You were hired by people who know these things and they hired you because they believe you will be able to handle learning a lot and working on hard things.

In addition, they know everything takes longer than it would if the problems were ordinary.

The documentation and tools are only engineered to meet the business criteria and get the hard things done. Not based luxurious theories.

In the end, FAANG is enterprise…the problems are not going to be obvious and the optimizations are for longer term time frames.

There is a lot to learn and everyone who has stayed via competence knows that. Good luck.

holografix · 9h ago
Just wait till you go through your first performance review, if you think everyone’s too busy for you now, you’re in for a treat!
HowDoesSound · 9h ago
Tell me more. Been doing this for over 10 years and have had one performance review my whole career, so not sure what those are about.

I also saved a decent chunk of change from my last gig (paid more than FAANG by 20%, pure cash) so I've been coasting without much emotional attachment to this job.

Twirrim · 6h ago
You'll have a bunch of peers request feedback from you. Your feedback will need to be specific and focused around the leadership principles. It'll need to include some kind of constructive criticism. The feedback you provide plays an important part of any promotion opportunities. Oh, and naturally they stack rank, no matter how much they say they don't and try to pretend what they're doing isn't actually stack ranking, when really it is.

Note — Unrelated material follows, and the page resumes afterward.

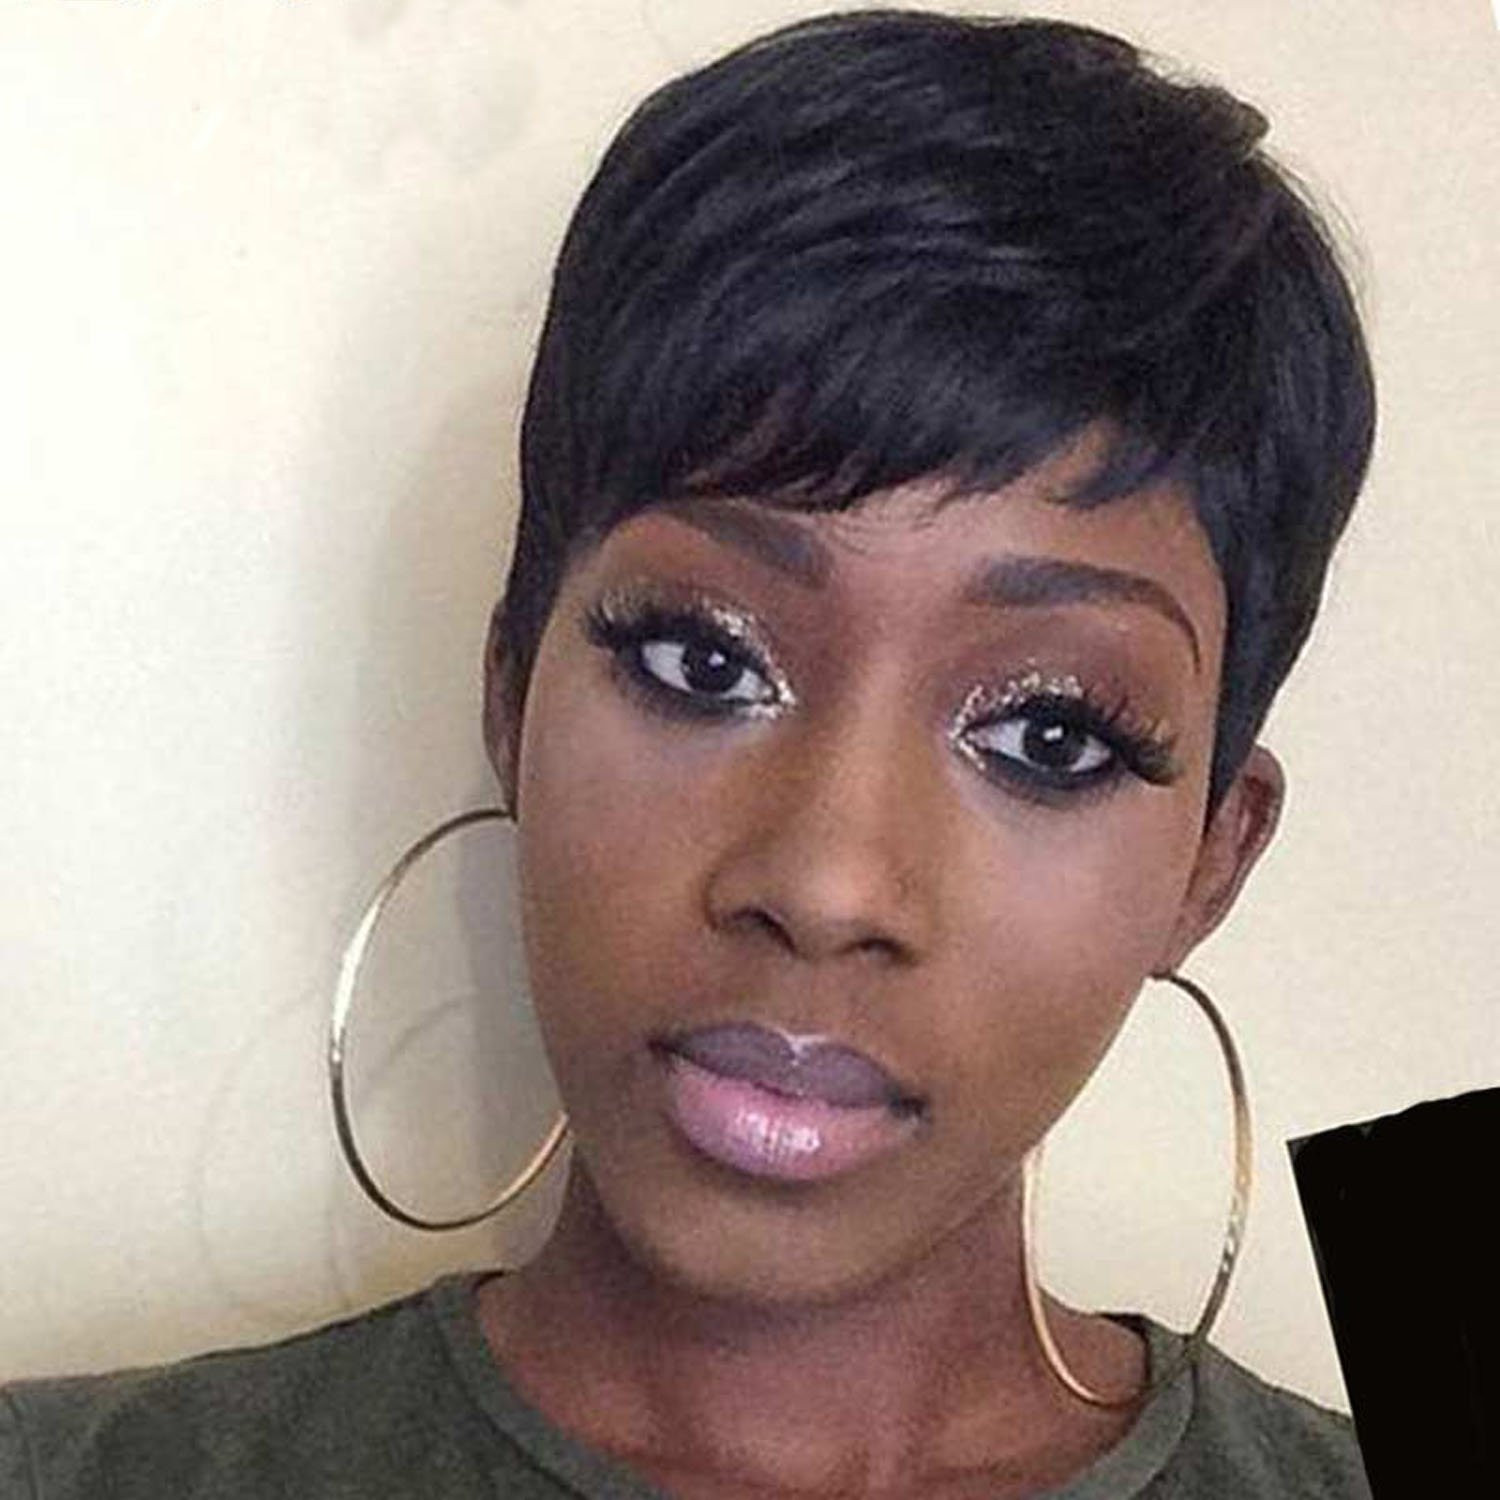 Short Black Hairstyle Wigs
 Amazon AISI HAIR Black Synthetic Wigs Short Afro

The more time you spend there, the more requests you'll get, so after a couple of years it's not unusual to get 30+ feedback requests.

sherdil2022 · 10h ago
Stay. If you want to talk, reach out to me.

(Email in my profile is anonymous for HN, but will respond from my gmail)

ilrwbwrkhv · 5h ago
If you are at Faang and feeling imposter syndrome, maybe you just need to get better at things. I actually rejected multiple offers from Faang back in the day because they were so mediocre.
ivape · 10h ago
A lot of people are on stimulants there. You are going to have to load up on your stimulant scripts and get crackin'.
abkolan · 10h ago
No they are not. Don’t do this OP.
ivape · 9h ago
https://news.ycombinator.com/item?id=35891362

People that grind leetcode all the way to faang are loaded. You have any idea how many people I've seen with dilated pupils in the office? Unfortunately for OP, he/she will have to roll with this crowd because that's just the truth, there's nothing they will be able to change about that reality.

hnfong · 9h ago
With that username it's really easy to assume you have a biased view of the situation...
HowDoesSound · 9h ago
I've gone through the whole marijuana addiction cycle and am pretty much over any future addictions to substances.